[Supplied material]
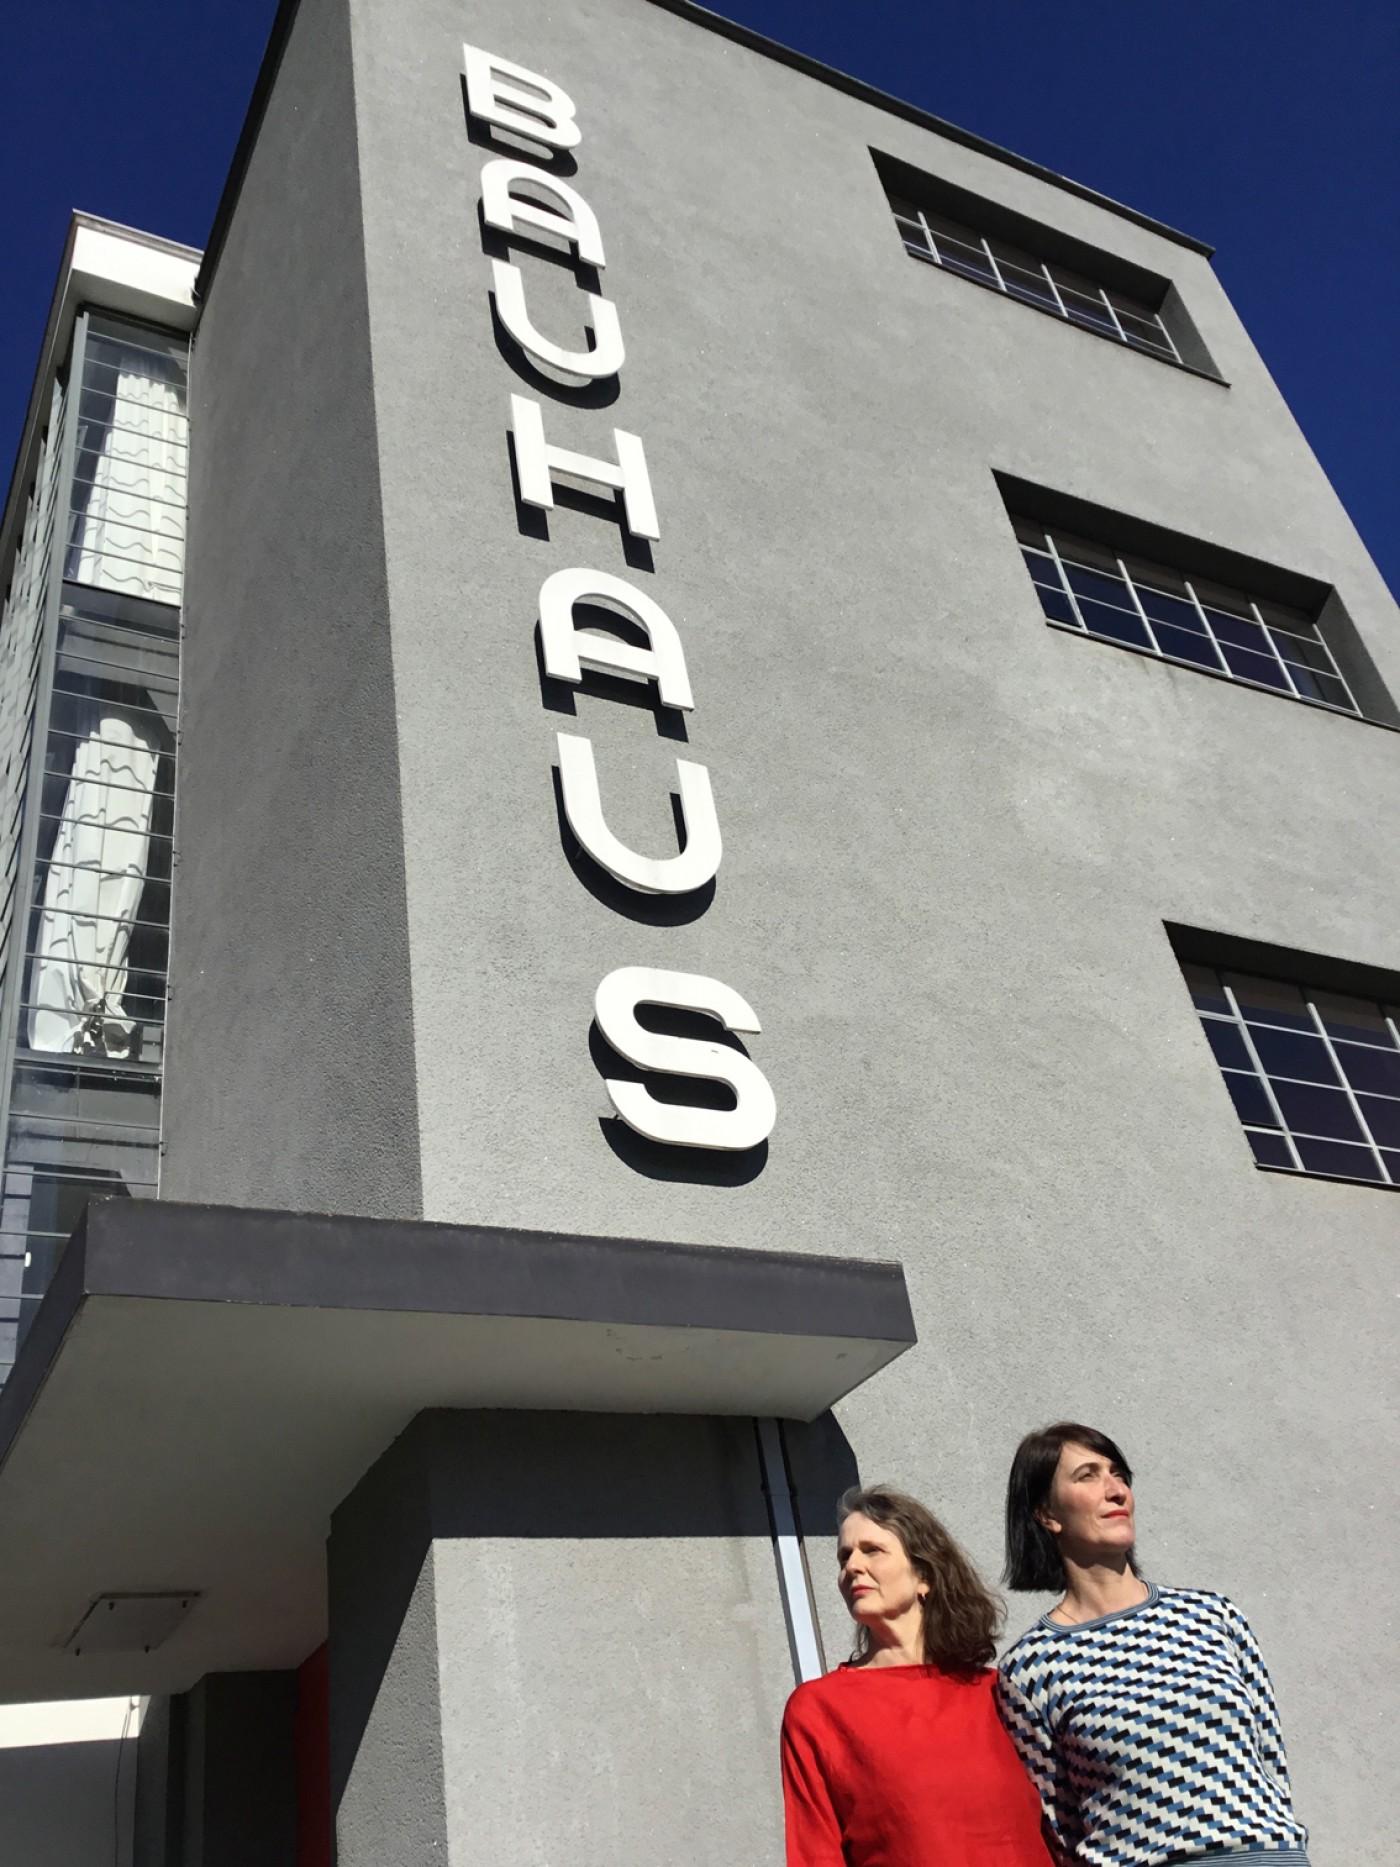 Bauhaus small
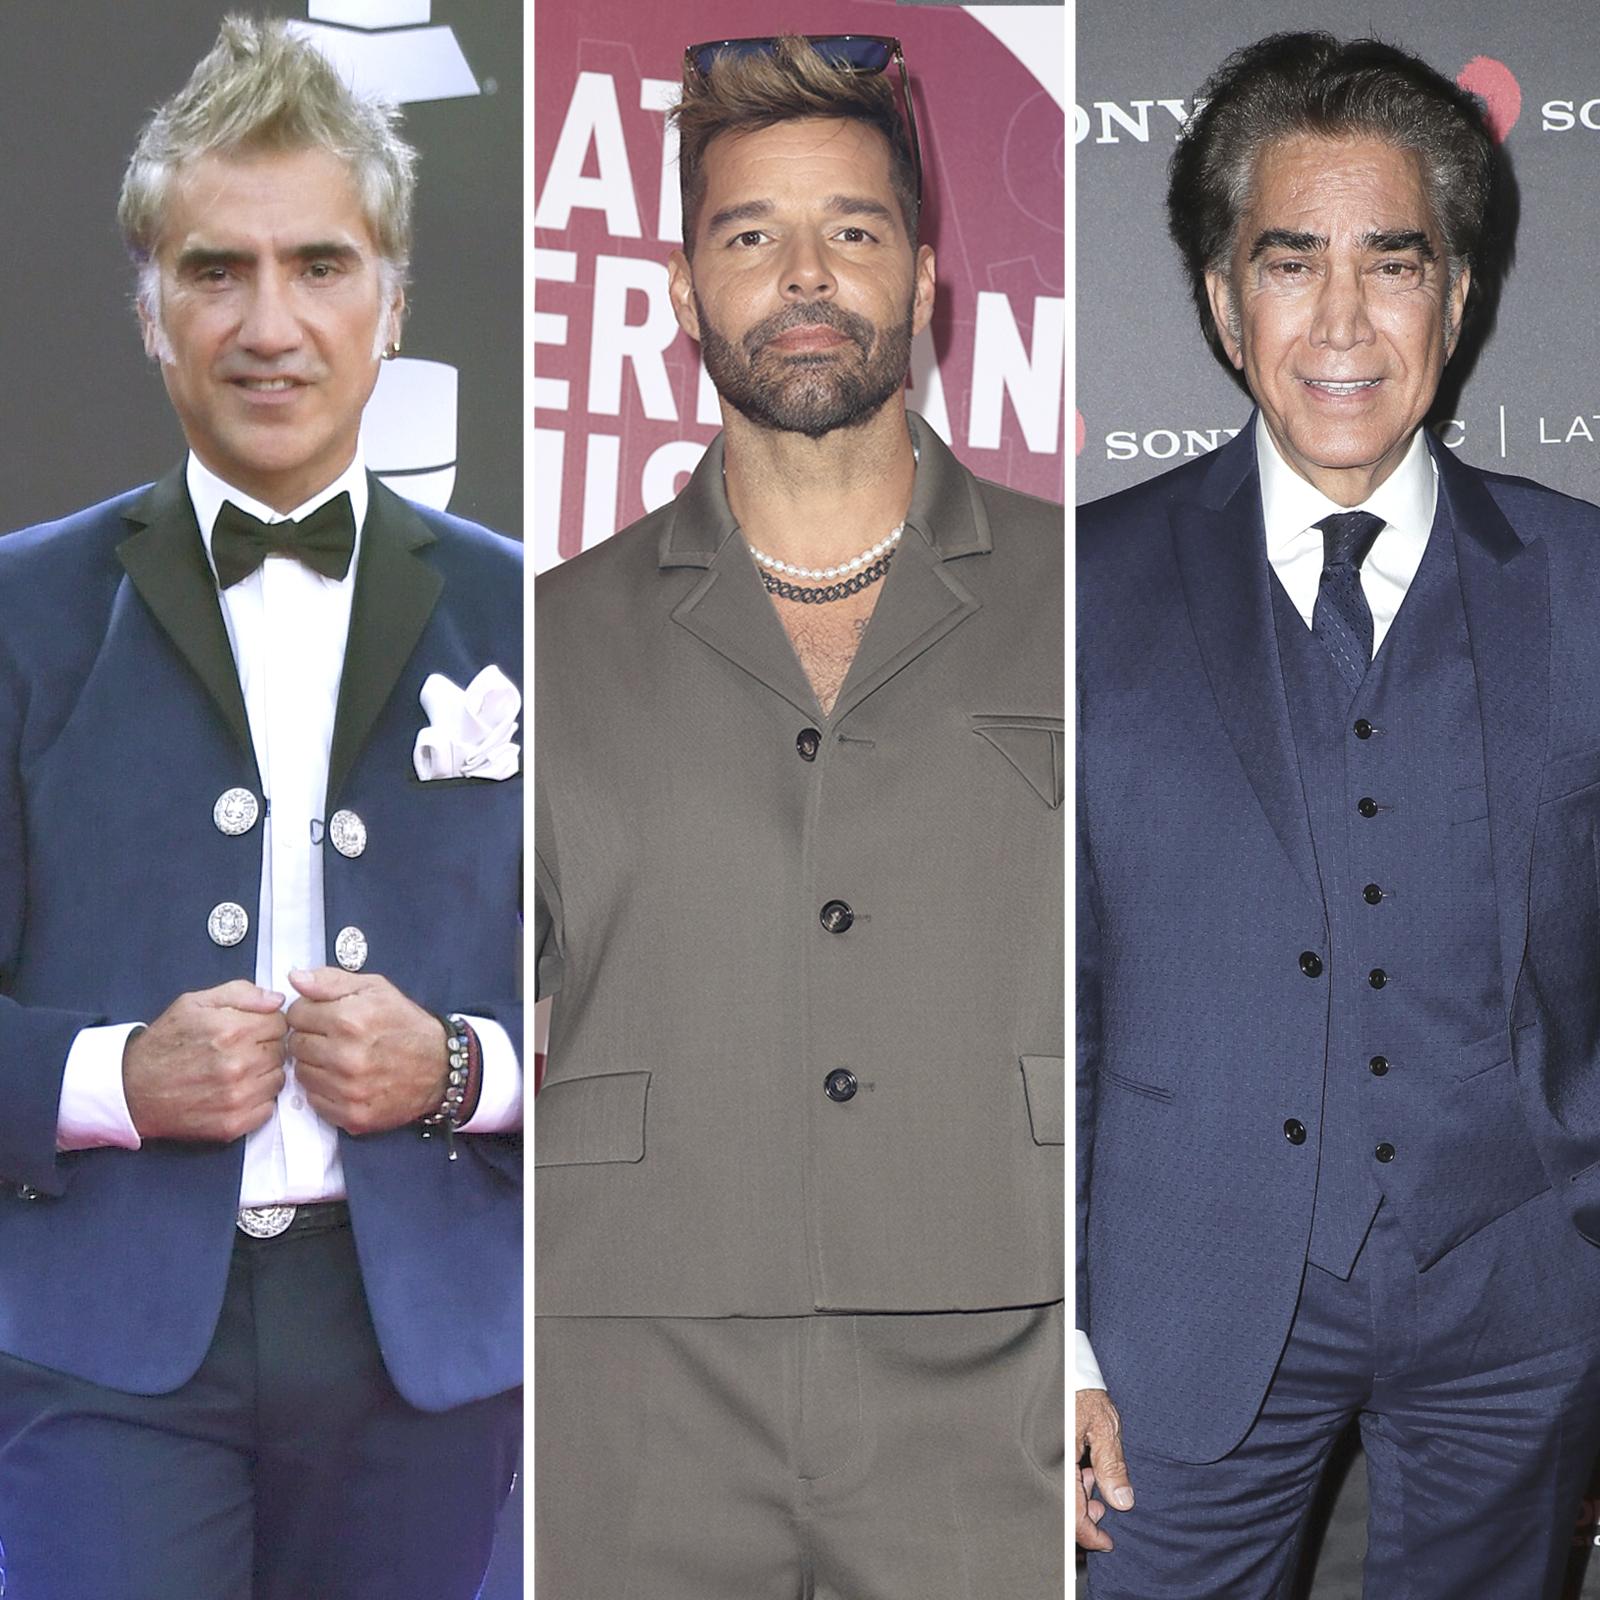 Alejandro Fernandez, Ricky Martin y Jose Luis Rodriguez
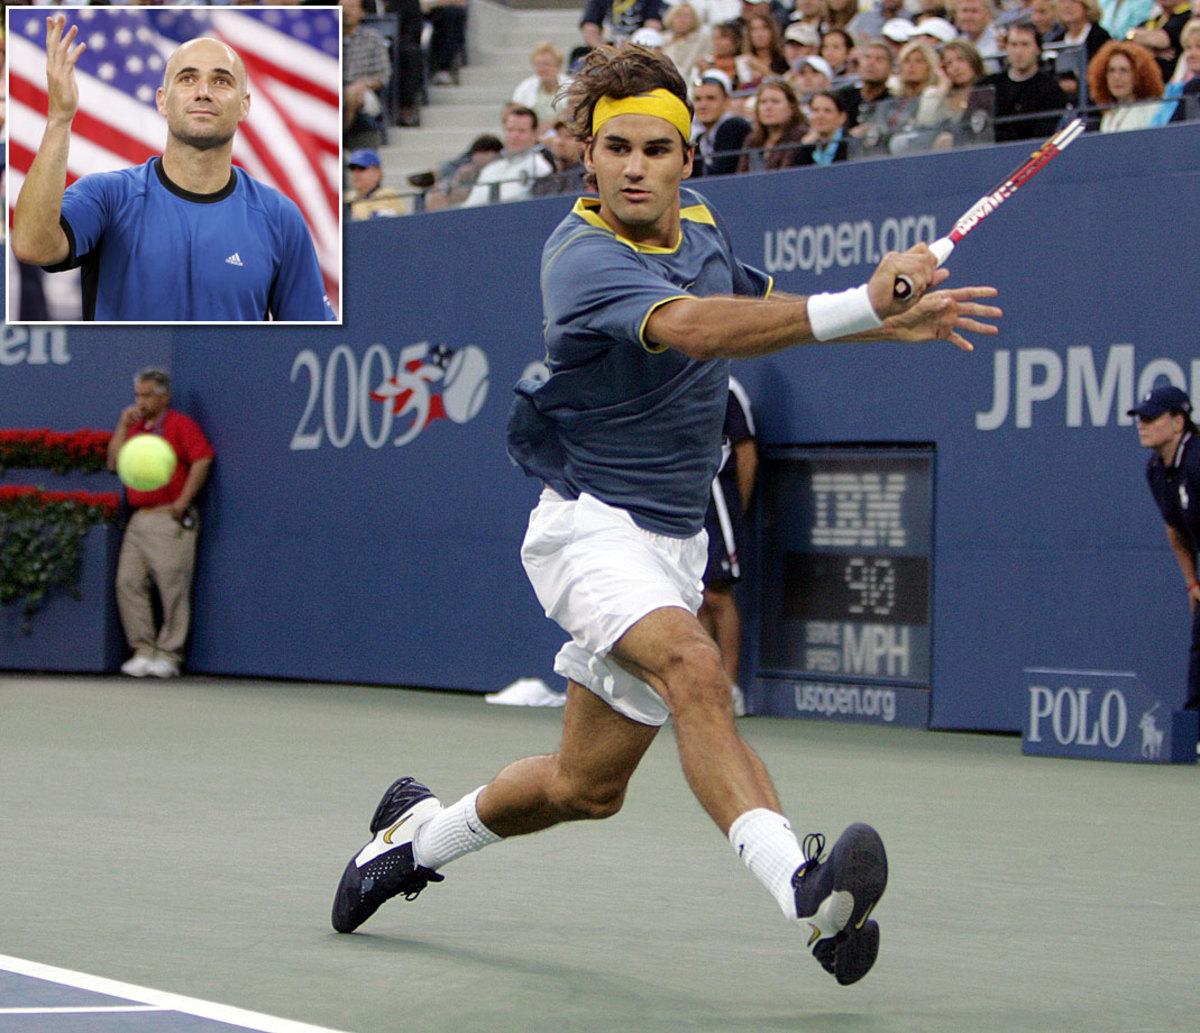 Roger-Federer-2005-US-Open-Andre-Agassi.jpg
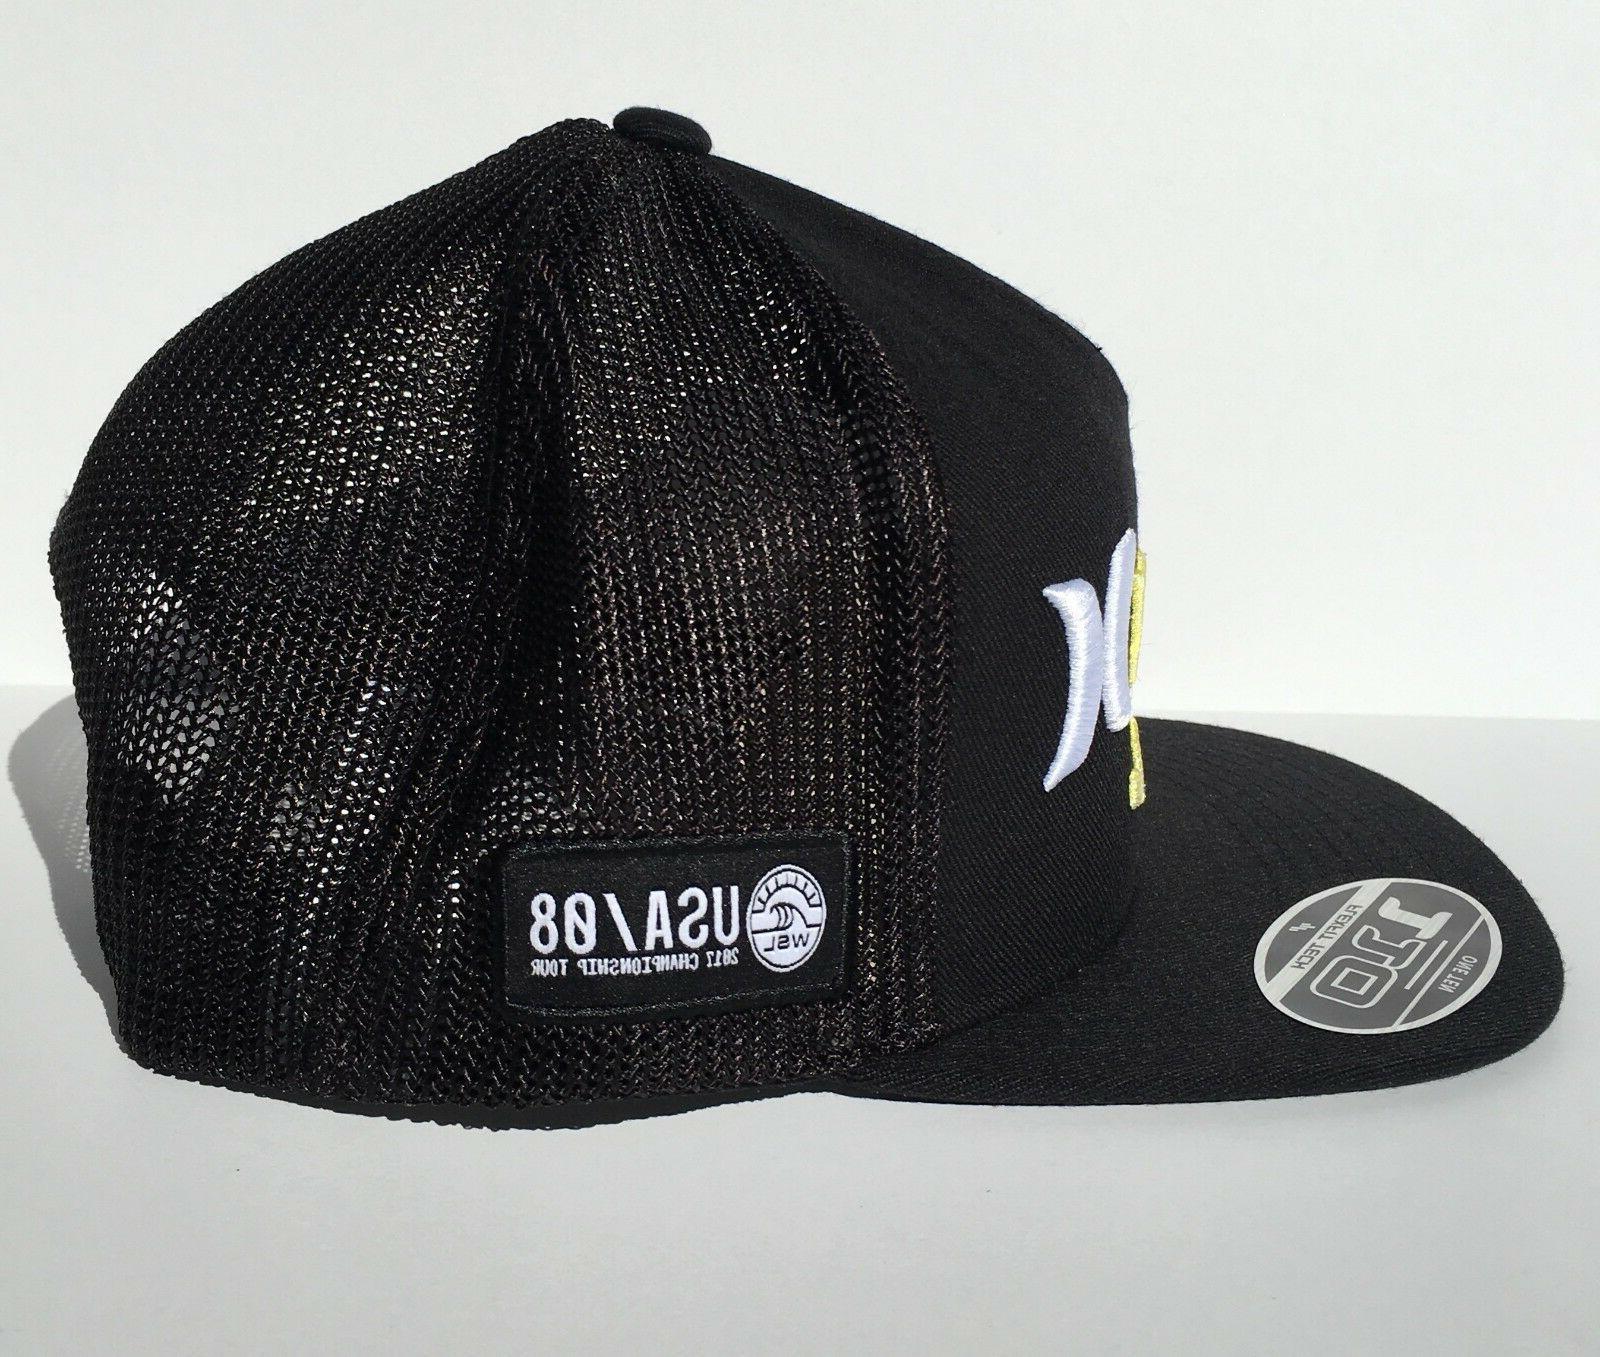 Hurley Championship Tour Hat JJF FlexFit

[Your instructions]
All of the material above must be retyped exactly, line for line, with the images dropped.

[Reply]
 Bauhaus small
 Alejandro Fernandez, Ricky Martin y Jose Luis Rodriguez
 Roger-Federer-2005-US-Open-Andre-Agassi.jpg
 Hurley Championship Tour Hat JJF FlexFit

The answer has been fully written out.